I was playing around with Brain for a dataset at work, and I noticed that when I provided a roi_field (the detection labels) for a method that relies on clustering, I got this error.

fob.compute_representativeness(dataset, roi_field="ground_truth")
ValueError: Expected 2D array, got 1D array instead:
array=[0.06107287 0.06011039 0.06012045 0.05879862 0.05759485 0.05654685
0.05719245 0.0446697  0.04646276 0.04628405 0.04667709 0.04758289
0.04678112 0.04675514 0.04684635 0.04685971 0.04689653 0.04614001
0.04592452 0.04747253 0.04706833 0.04716367 0.04662085 0.04660043
0.04788357 0.03245687 0.04705974 0.04701892 0.04882907 0.05358888
0.05417315 0.05604687 0.05566651 0.04973941 0.04815942 0.04763582
0.04768014 0.0472154  0.04717452 0.04974527 0.04951364 0.04999169
0.04736153 0.04292721 0.03433677 0.03456343 0.04151432 0.03937531
0.04073388 0.04284388].
Reshape your data either using array.reshape(-1, 1) if your data has a single feature or array.reshape(1, -1) if it contains a single sample.
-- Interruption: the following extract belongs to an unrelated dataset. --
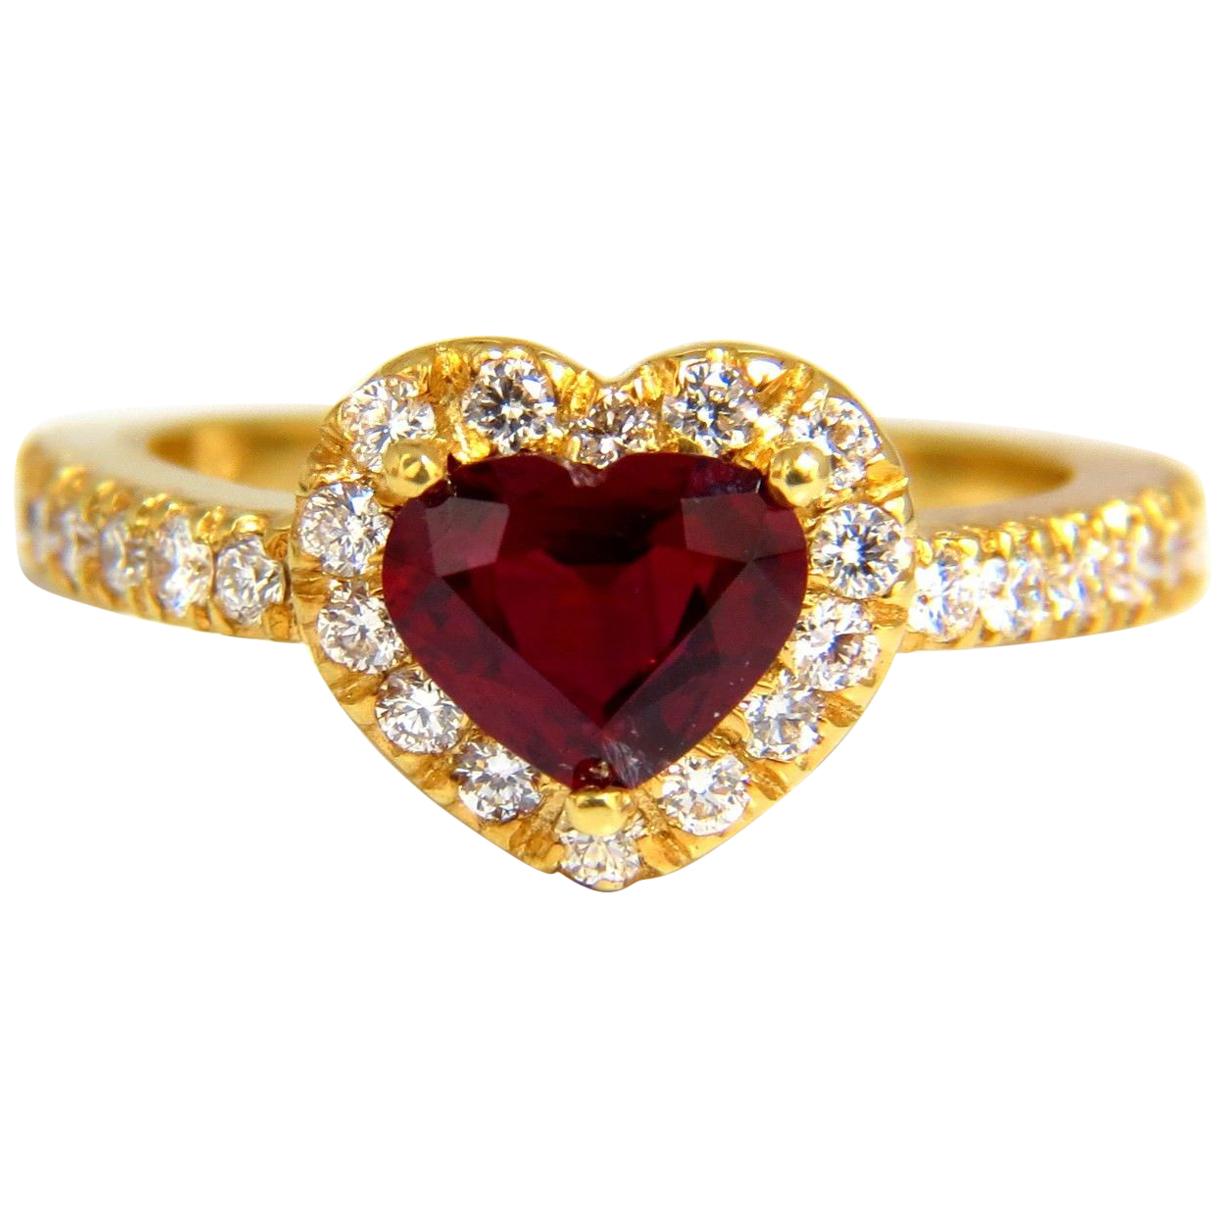 Bague 14 carats avec diamants et rubis naturel taille cœur de 1,62 carat certifié GIL

This is computed for a slice of 50 dataset samples, so we're in the first case of the error.

I also noticed this for uniqueness with the brain version we use (0.16), but by cloning the latest locally, I see that uniqueness no longer works the same way, so I did not test it. Possibly other methods that rely on clustering as well.

I can't provide the dataset and did not test this on a zoo dataset.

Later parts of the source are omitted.